***** PROVIDED ENTRIES

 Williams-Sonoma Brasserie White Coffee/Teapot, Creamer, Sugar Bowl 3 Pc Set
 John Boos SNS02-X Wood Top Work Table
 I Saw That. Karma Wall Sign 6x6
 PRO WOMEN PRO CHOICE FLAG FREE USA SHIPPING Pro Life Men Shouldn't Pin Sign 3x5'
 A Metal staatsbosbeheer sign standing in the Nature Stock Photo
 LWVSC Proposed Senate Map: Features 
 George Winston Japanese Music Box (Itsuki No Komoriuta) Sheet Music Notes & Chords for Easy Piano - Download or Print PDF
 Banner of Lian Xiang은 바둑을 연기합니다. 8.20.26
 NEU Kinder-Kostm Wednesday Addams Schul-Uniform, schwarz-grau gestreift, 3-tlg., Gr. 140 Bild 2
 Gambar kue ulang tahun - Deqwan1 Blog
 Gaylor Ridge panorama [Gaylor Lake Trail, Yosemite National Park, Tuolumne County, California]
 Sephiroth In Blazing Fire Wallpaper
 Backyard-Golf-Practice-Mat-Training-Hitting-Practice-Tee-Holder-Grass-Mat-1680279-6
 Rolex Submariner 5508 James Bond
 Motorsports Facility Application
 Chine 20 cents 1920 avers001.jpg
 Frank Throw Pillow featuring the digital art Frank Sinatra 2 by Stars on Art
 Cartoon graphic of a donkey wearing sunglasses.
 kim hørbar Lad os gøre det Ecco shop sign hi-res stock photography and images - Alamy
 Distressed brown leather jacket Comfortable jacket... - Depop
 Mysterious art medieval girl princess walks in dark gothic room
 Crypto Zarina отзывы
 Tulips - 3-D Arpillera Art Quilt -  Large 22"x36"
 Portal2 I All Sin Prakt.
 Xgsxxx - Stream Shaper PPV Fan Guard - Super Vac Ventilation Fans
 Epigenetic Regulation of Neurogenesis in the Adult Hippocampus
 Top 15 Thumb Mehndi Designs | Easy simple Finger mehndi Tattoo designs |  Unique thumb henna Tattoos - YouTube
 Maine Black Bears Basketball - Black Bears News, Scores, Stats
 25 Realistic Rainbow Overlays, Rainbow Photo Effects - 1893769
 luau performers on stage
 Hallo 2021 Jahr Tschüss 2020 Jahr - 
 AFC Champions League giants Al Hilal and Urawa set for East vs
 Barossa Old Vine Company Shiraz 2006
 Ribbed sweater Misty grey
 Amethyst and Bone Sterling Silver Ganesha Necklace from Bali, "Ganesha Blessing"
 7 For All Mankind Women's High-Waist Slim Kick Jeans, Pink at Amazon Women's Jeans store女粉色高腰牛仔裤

**********

◆ TASK STATEMENT ◆
In the data above, start at the line that has "George Winston Japanese", stop after the line that has "Chine 20 cents 1920 avers001.jpg", and print every line in between exactly as it stands.

◆ TASK RESULT ◆
 George Winston Japanese Music Box (Itsuki No Komoriuta) Sheet Music Notes & Chords for Easy Piano - Download or Print PDF
 Banner of Lian Xiang은 바둑을 연기합니다. 8.20.26
 NEU Kinder-Kostm Wednesday Addams Schul-Uniform, schwarz-grau gestreift, 3-tlg., Gr. 140 Bild 2
 Gambar kue ulang tahun - Deqwan1 Blog
 Gaylor Ridge panorama [Gaylor Lake Trail, Yosemite National Park, Tuolumne County, California]
 Sephiroth In Blazing Fire Wallpaper
 Backyard-Golf-Practice-Mat-Training-Hitting-Practice-Tee-Holder-Grass-Mat-1680279-6
 Rolex Submariner 5508 James Bond
 Motorsports Facility Application
 Chine 20 cents 1920 avers001.jpg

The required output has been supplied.